Within roughly 10 to 20 days in warm conditions, the body collapses from its bloated state into a flattened mass with a creamy consistency. Exposed surfaces turn black, and large volumes of fluid drain into the surrounding soil. Insects, particularly fly larvae, consume the bulk of the soft tissue, generating enough metabolic heat to noticeably raise the body’s temperature. For larger animals in temperate climates, complete skeletonization typically takes over a year. Research on human remains in outdoor Canadian environments found that no bodies were fully skeletonized in under twelve months, and the rate became highly unpredictable after the initial bloating phase due to variation in temperature, insect access, and moisture.
Why Decay Matters for Ecosystems
Without decomposition, every nutrient on Earth would eventually become trapped in dead tissue, and living systems would grind to a halt. Decay is the mechanism that closes the loop. Carbon that a tree absorbed from the atmosphere over decades gets returned to the air and soil when that tree falls. Nitrogen that an animal consumed through its diet gets cycled back into the soil when it dies, where plant roots can absorb it again.

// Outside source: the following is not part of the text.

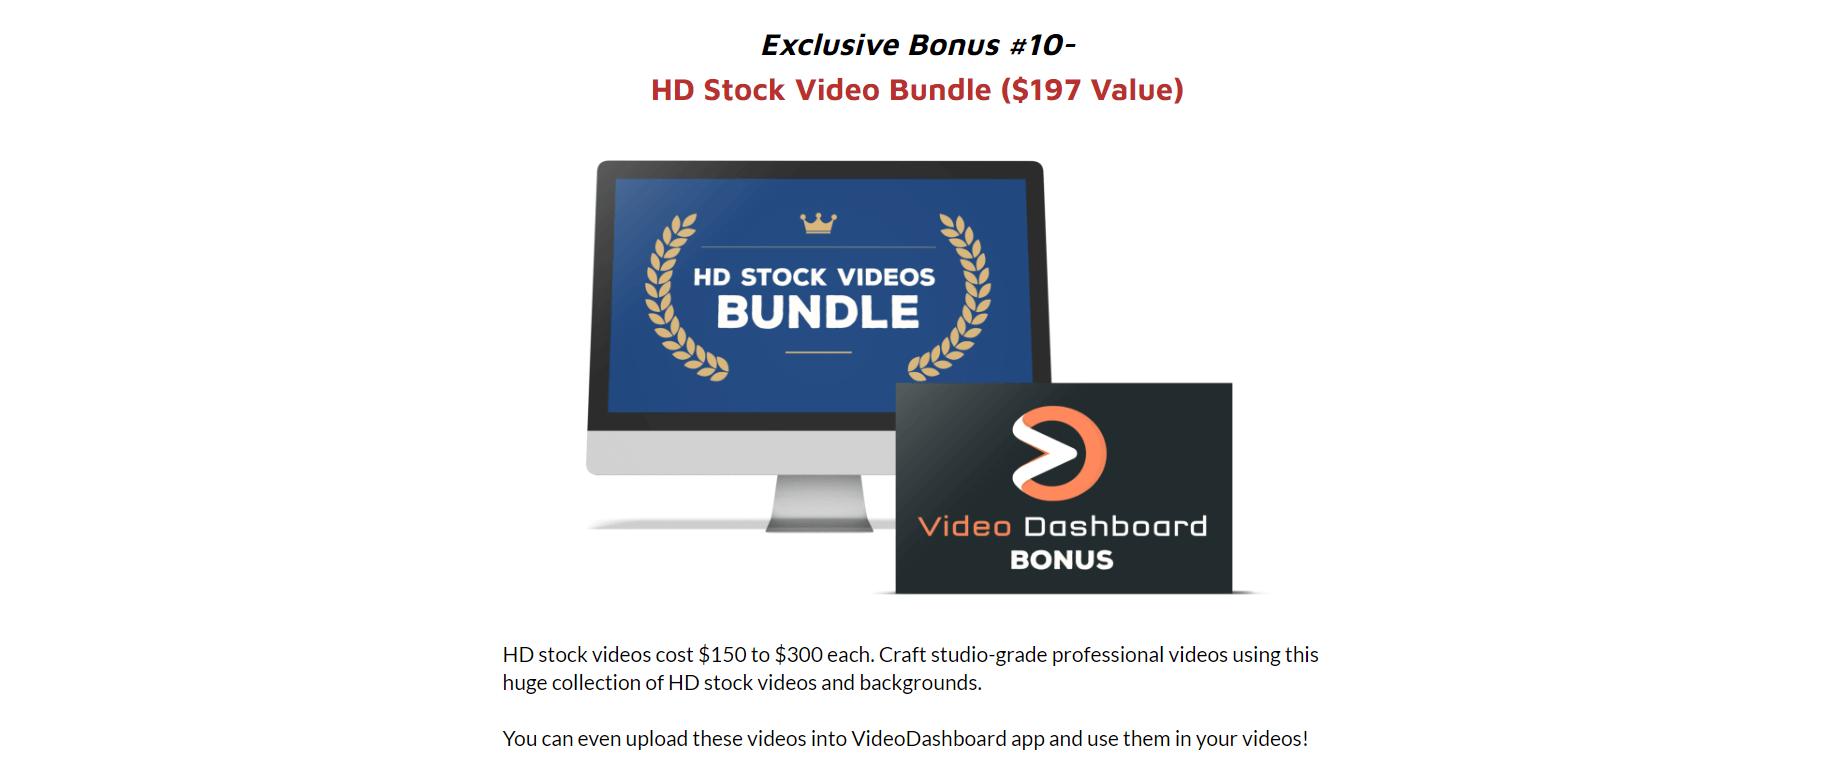 Video-Dashboard-Bonus-10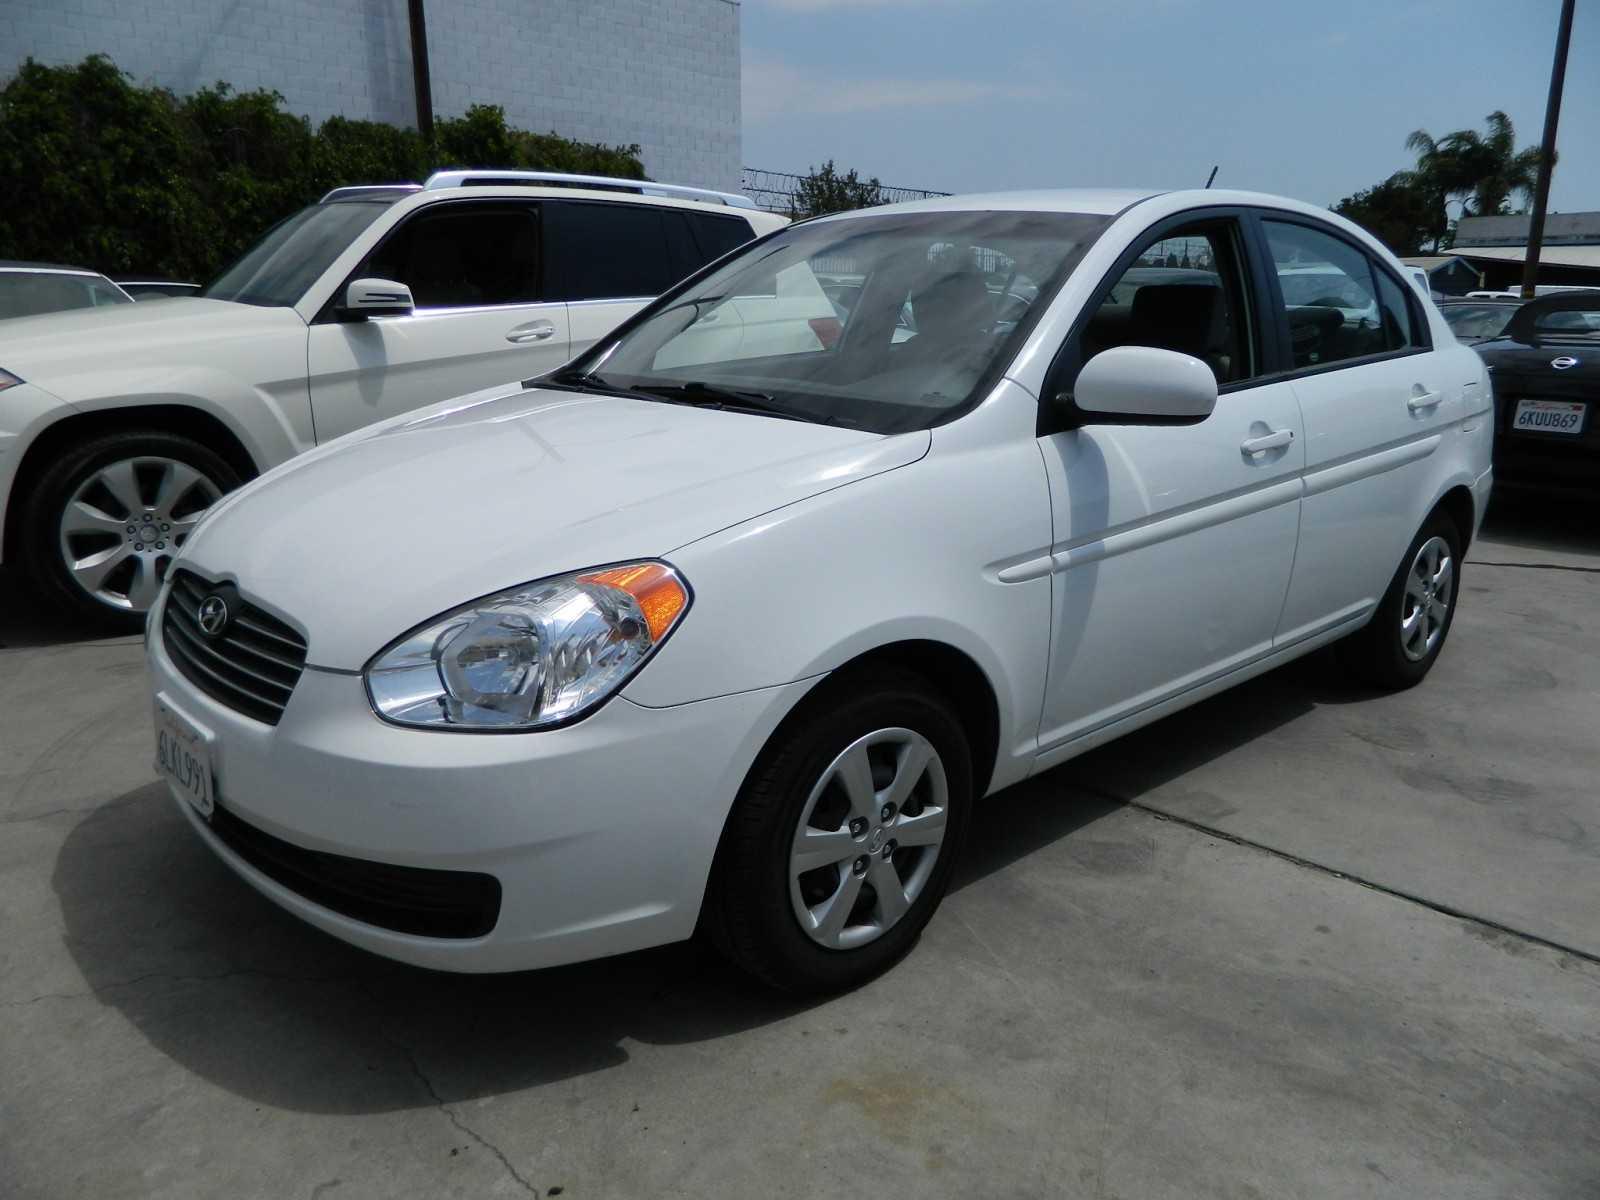 2011 Hyundai Accent Image 15

This cycling also has practical implications for anyone who gardens, farms, or composts. Finished compost has a carbon-to-nitrogen ratio near 10:1, down from the starting ratio of 30:1, because so much carbon has been lost as CO₂ during the process. What remains is a concentrated, nutrient-dense material that functions much like natural humus, improving soil fertility and structure. Understanding decay, in other words, isn’t just academic. It’s the foundation of how soil stays productive and how ecosystems sustain themselves over time.